On 2015-10-13 16:55, Pierre-Louis Bossart wrote:
On 10/13/15 2:07 AM, David Henningsson wrote:
On 2015-10-12 22:59, James Cameron wrote:
On Mon, Oct 12, 2015 at 02:49:46PM +0100, Liam Girdwood wrote:
I've written up the minutes here below
Thanks!
Splitting out controls: Takashi
- Restricted access. Consensus to restrict access to some controls
Note: There is NOT consensus.
due to possibility of breaking HW at kernel level. i.e. prevent feeding digital Mic into HP amp to prevent speaker over heating.
I'd like that. rt5631. Avoiding at the moment by removing the controls.
IIRC, the debate was over "do not expose dangerous controls to userspace at all" vs "expose dangerous controls controls only to root".
I'm strongly voting for "do not expose to userspace at all".
I personally believe that if the physical hardware can be set to state where it's bricked, the hardware itself is buggy.
If the hardware is buggy, this should be worked around in BIOS or whatever firmware is present on the machine. Otherwise there is a bug in BIOS.
If BIOS is buggy and cannot protect the machine from being physically damaged, then we need to work around that in the kernel. Otherwise there is a bug in the kernel.
And if the kernel is buggy, we should fix the kernel. Period. :-)
There are just too many variables linked to acoustic, mechanical and thermal design that just can't be handled with a simple rule at the kernel level or even BIOS/firmware. There were quite a few people in the room who voiced their opinion that handling 'dangerous' controls was an exercise for the integrator, not something that can be handled with a one-size-fits-all fix.
If userspace can make complex decisions to avoid damage, then so can the kernel. The integrator can just write that logic into the kernel instead of writing it into userspace.
'userspace' is also a vague definition, most audio servers will use profiles that will avoid using bad configurations. It's not clear to me that we have to protect against a user setting random values with alsamixer.
Whether the devices are phones, laptops, or everything in between, people are replacing their original software with other software.
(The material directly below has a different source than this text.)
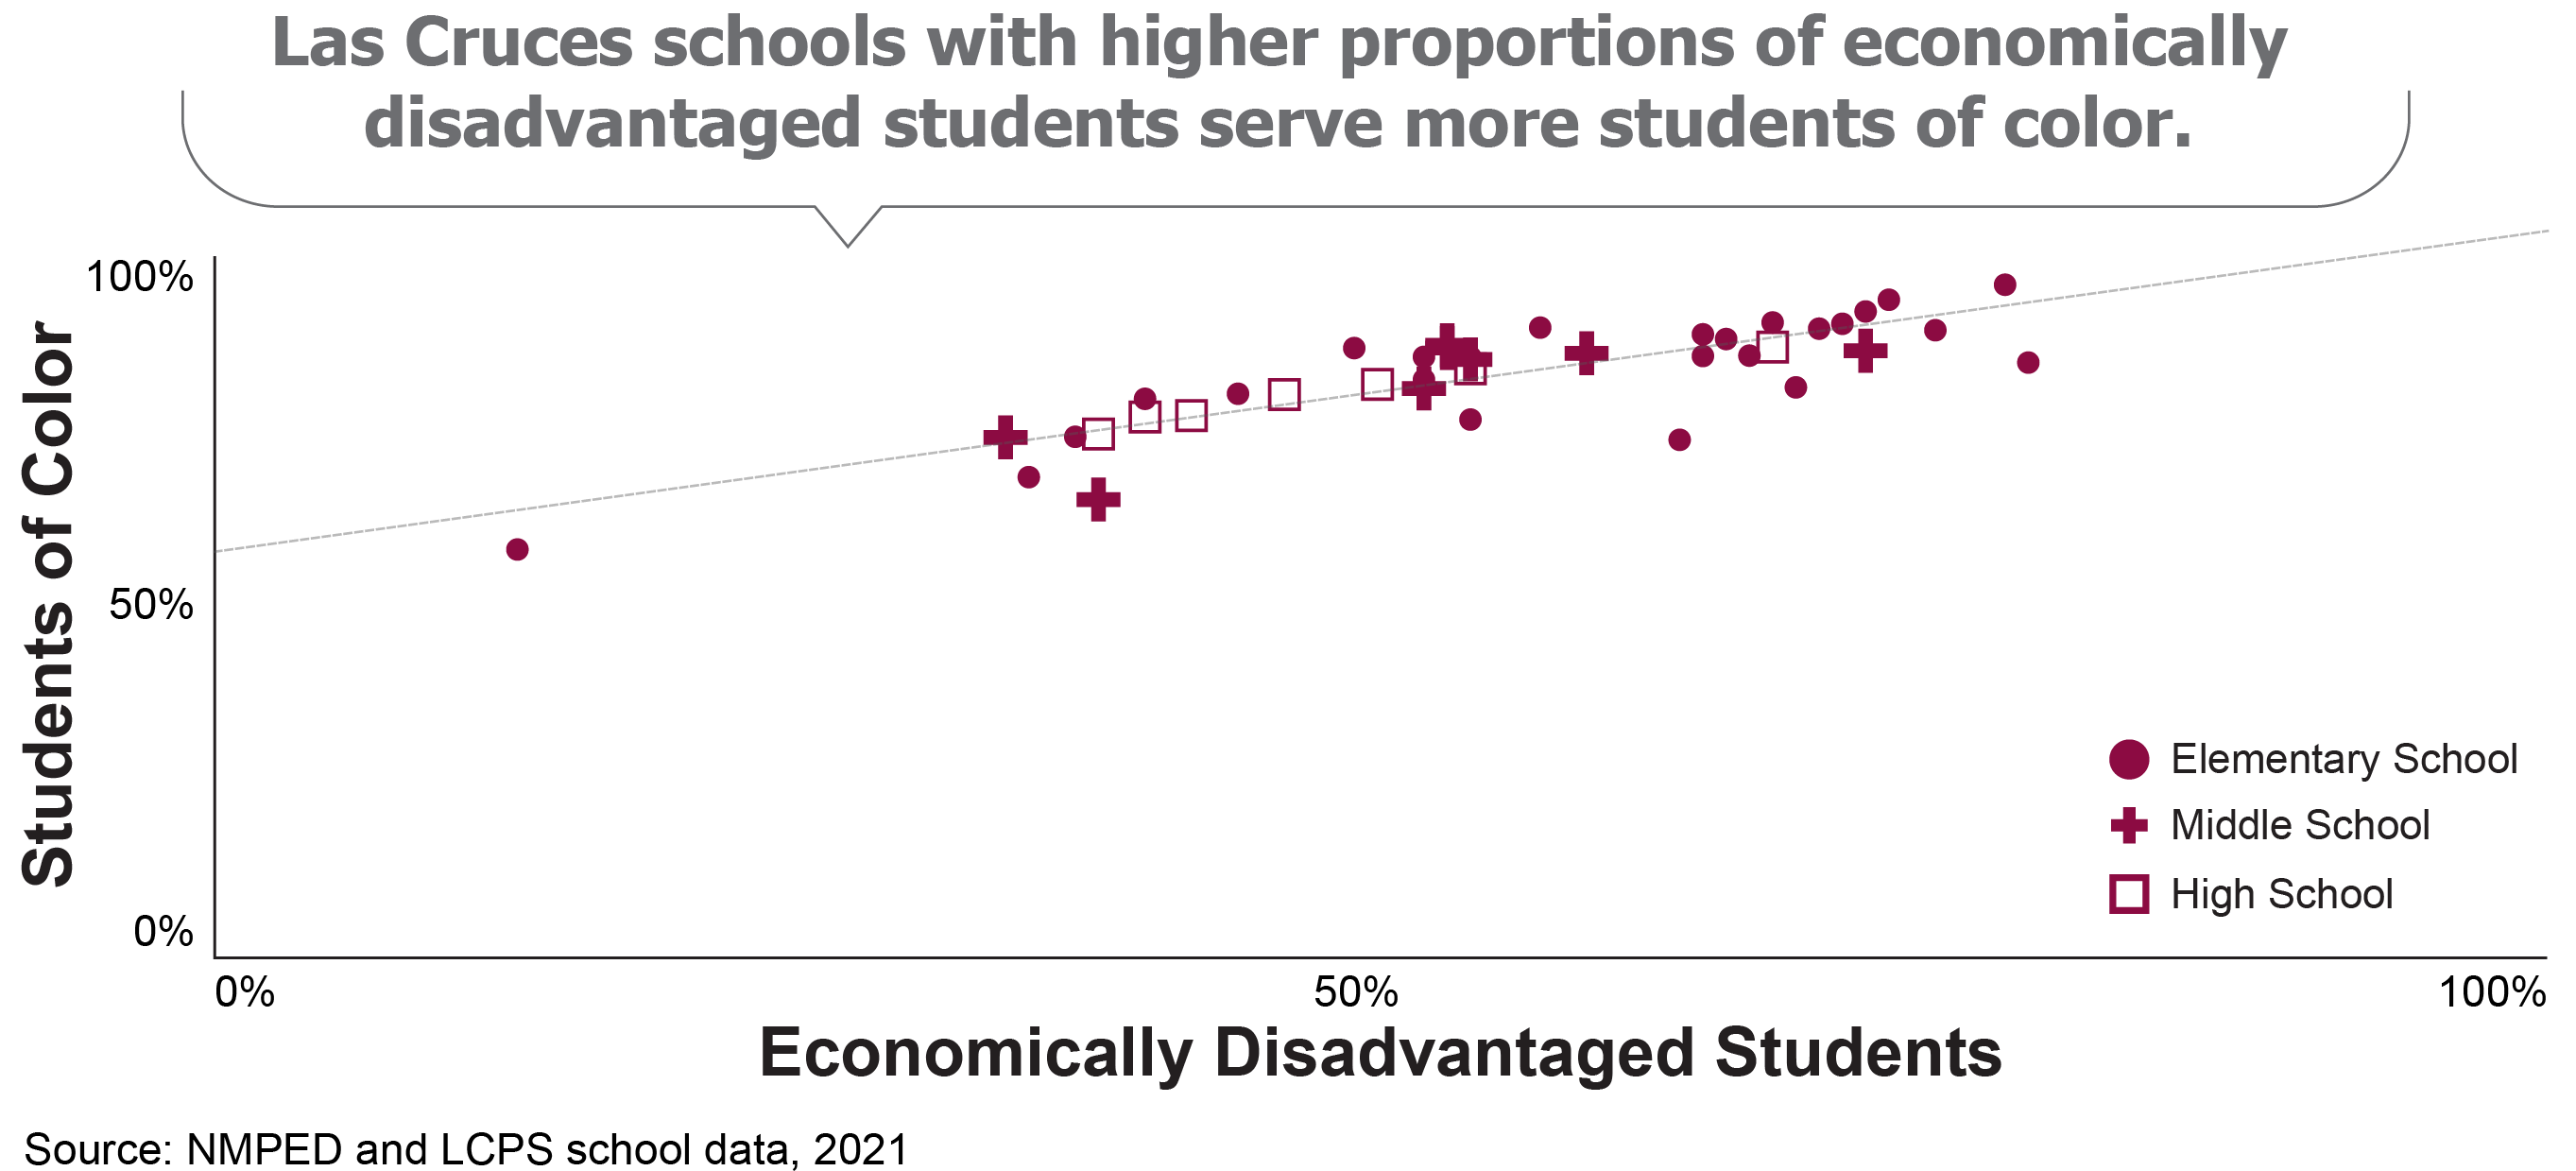 A scatterplot depicting the relationship between the proportion of students who are economically disadvantaged and the proportion who are students of color.  The scatterplot shows that in Las Cruces elementary, middle, and high schools, there is a positive correlation between the two proportions.

Surely those people are messing around with mixer controls, and surely they don't want their devices damaged.
These people might replace the kernel as well, of course, but are less likely to do so than to replace userspace; and if they do, they are less likely to mess around with a particular audio driver, especially if that driver has a big warning sign saying "changing this value might fry your speaker" (which, IMO, would be appropriate).